I also listen to Miku tho, as she is my friends favorite. My favorite Miku song is Cendrillon, partly because I also like the way Kaitos voice sounds. My friends favorite is Senbonzakura, which I am also fond of.


----------



## S.A.F.I (Mar 18, 2019)

As a wise friend of mine once said:  everyone likes Hatsune Miku,  even if they don’t like Hatsune Miku.... they like Hatsune Miku


----------



## Jackpot Raccuki (Mar 19, 2019)

"Is that the anime chick with blue hair?"

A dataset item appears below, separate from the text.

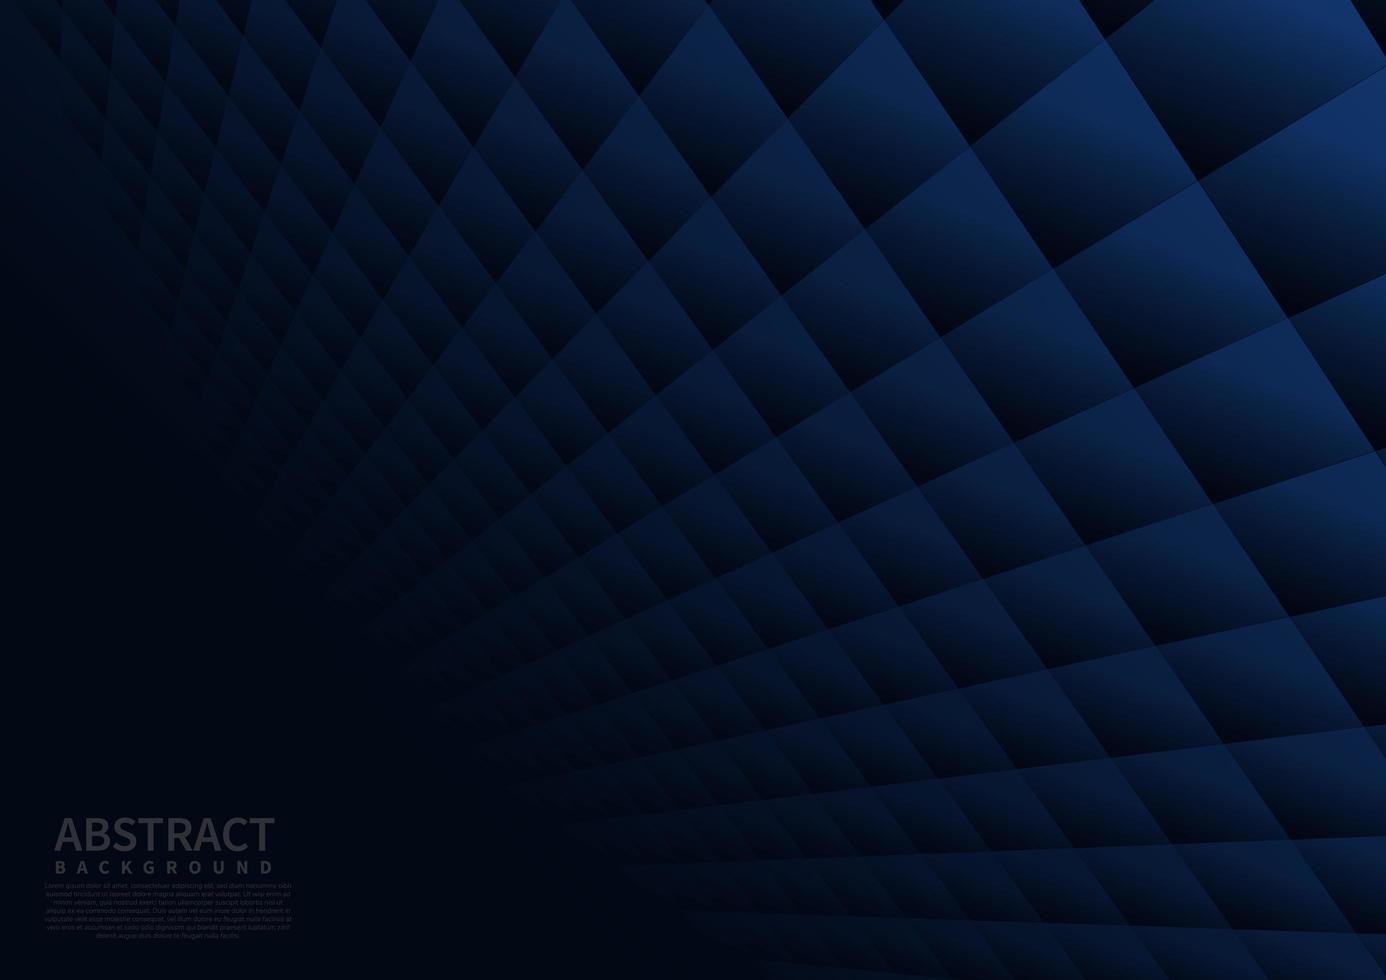 fondo quadrato geometrico astratto blu scuro vettore

I remember a friend who used to be heavily into it.
It was funny calling it anime tbh.

I'd occasionally listen, but not a big fan.


----------



## Akuno Meshitukai (Apr 4, 2019)

Smexy Likeok4™ said:


> "Is that the anime chick with blue hair?"
> 
> I remember a friend who used to be heavily into it.
> It was funny calling it anime tbh.
> ...


That was me before I ACTUALLY got into it. My friend listen led to it, and I would with her. Then I got bored, and she sent me one...
Next thing I knew I was spending a whole night learning the dance to Weekender Girl XD


----------



## CertifiedCervine (Apr 4, 2019)

Was she in that strange veggie juice song I bumped into in the wee ages of youtube?


----------



## CrookedCroc (Apr 4, 2019)

I don't like Vocaloid that much but I would kill just to get the Dominos Pizza X Miku app in my country. 
This kind of goofy stuff is what I live for


----------



## KittyKat805 (Apr 4, 2019)

TacomaTheDeer said:


> Was she in that strange veggie juice song I bumped into in the wee ages of youtube?


Yes... yes she was...




This?


Also...
Here is a more beautiful version of it
(Warning might wanna use headphones for this...)


----------



## KittyKat805 (Apr 4, 2019)

CrookedCroc said:


> I don't like Vocaloid that much but I would kill just to get the Dominos Pizza X Miku app in my country.
> This kind of goofy stuff is what I live for


Dude...
I just want that pizza box XD seriously That’s beautiful lmao


----------